Of the latest Internet offerings, engineering services
are hitting a new high.

BY DIANE TROMMER

 

hile many have struggled to place a dollar value on information offered online, Mike Schultz, CEO of QuestLink Technology Inc. (Austin, Tex.) pegs it somewhere in the vicinity of $250 billion. Why? That is the amount of annual purchases over which electronic industry design engineers have brand and model control, he said.

Although most of the early online players have tested the business- to-business (B2B) waters with the relatively low-risk trade of excess and spot market goods, QuestLink is among the select few in the electronics space that are betting that the real pot of gold at the end of the B2B rainbow will come not to those who focus on transactions, but to those who facilitate the flow of information and collaboration throughout the design process.

 
Mike Schultz, CEO QuestLink
Technology Inc.

"We can add the most value and make the greatest contribution to our users at the front end of the process," said Schultz. "It’s all about time-to-market - not price." He estimates that up to 35% of the design process is spent gathering and assimilating information necessary for the design of a new product.

Jon Ekoniak, senior analyst with usbancorp Piper Jaffrey (Minneapolis, Minn.) believes that the opportunities for improving business processes through the use of the Net go far beyond gaining a few margin points on the sale of excess inventory.

"Companies focus on the wrong aspect of electronic commerce," said Ekoniak. "The problem is that the transaction, or how you get paid, is what is viewed as the Holy Grail of electronic commerce - not necessarily solving the problems of the industry."
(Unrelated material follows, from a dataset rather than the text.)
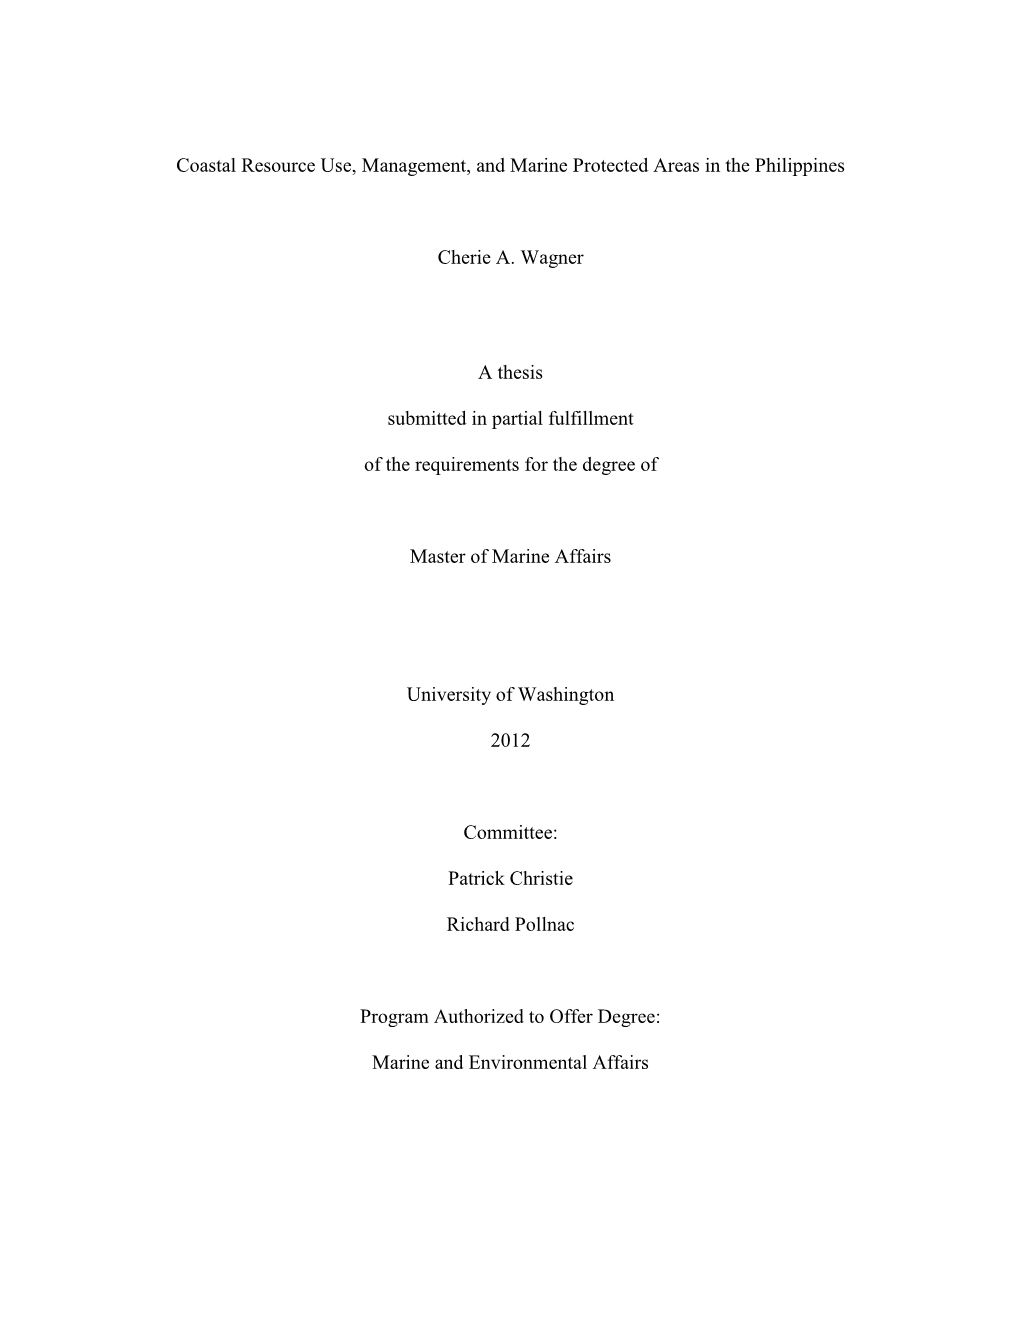 Coastal Resource Use, Management, and Marine Protected Areas in the Philippines

"Rather than just doing transactions, Web sites need to provide a vehicle for companies to reduce cycle time, remove some of the friction in the supply chain, reduce paper in the supply chain, and eventually, automate entire processes to run entirely from computer to computer," Ekoniak said.
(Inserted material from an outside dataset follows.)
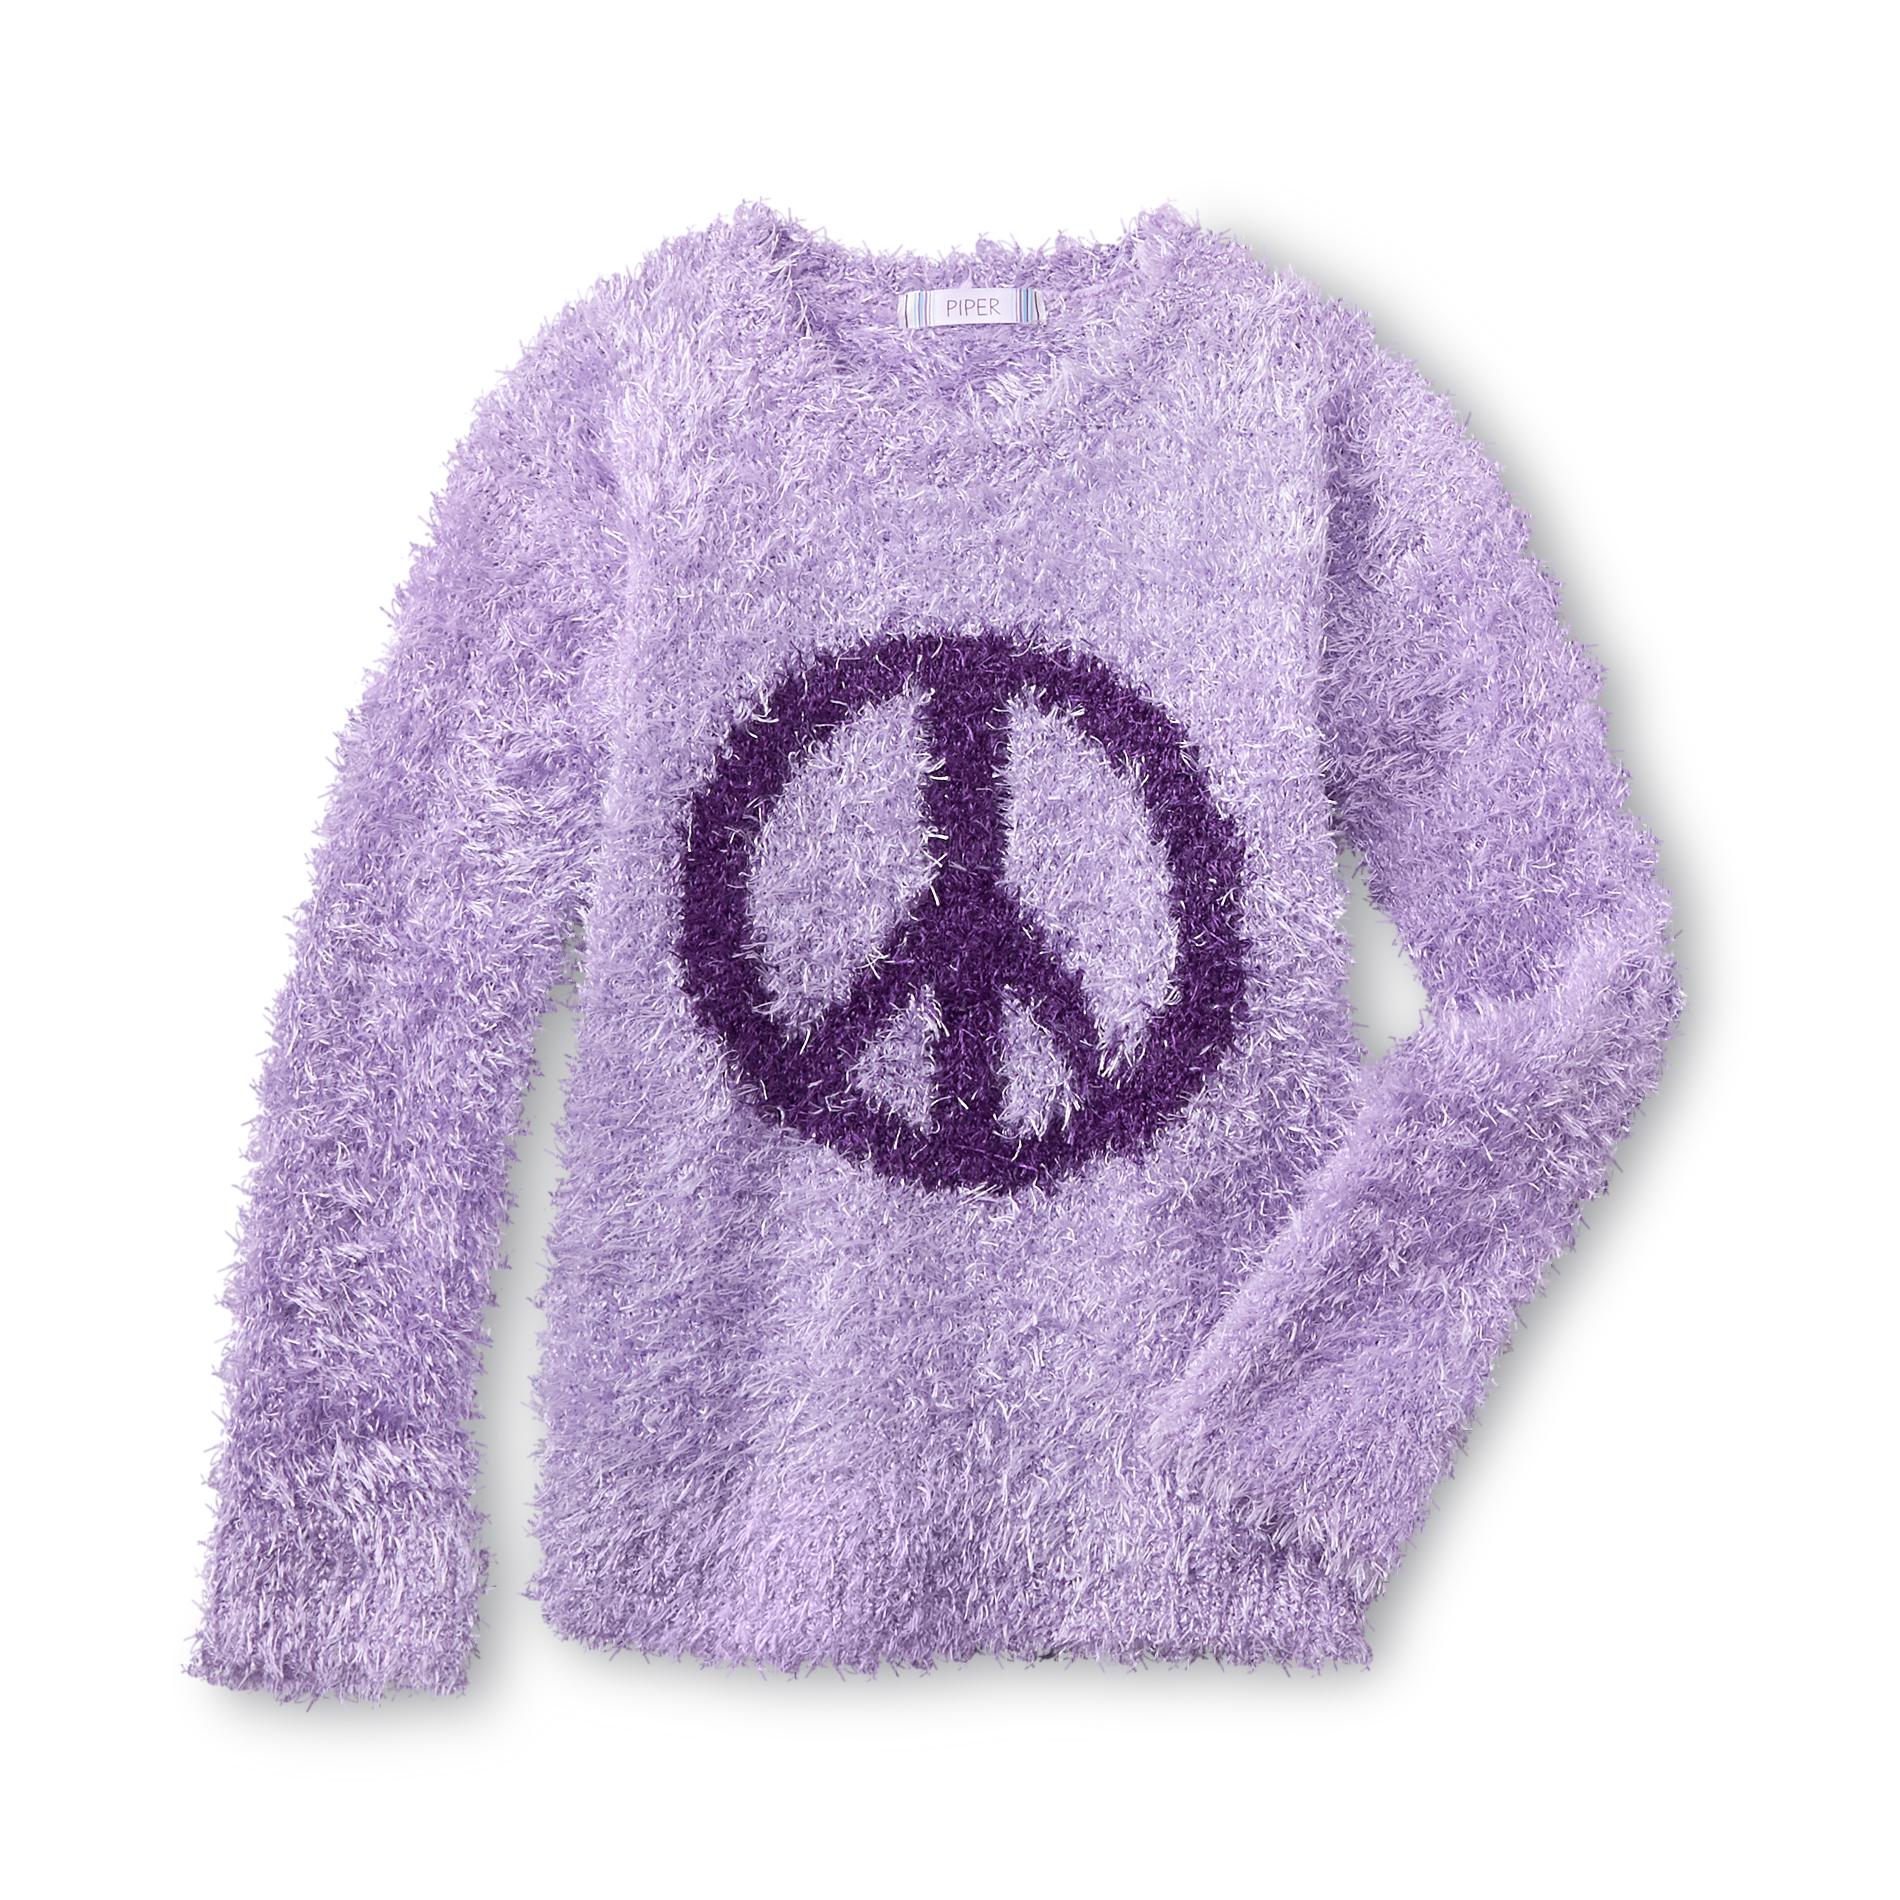 Piper Girl's Novelty Sweater - Peace

"As the cycle time of products declines, it is extremely important for design engineers to have access to all products that are available. Not just what they are, but specific dimensions," Ekoniak said.

To support the design process, QuestLink aggregates the supply of more than 2,000 manufacturers across three billion dollars worth of available inventory through its franchised distributor partners who also fulfill the site’s demand. QuestLink’s fulfillment partners include Avnet Inc., All American Semiconductor, and Nu Horizons.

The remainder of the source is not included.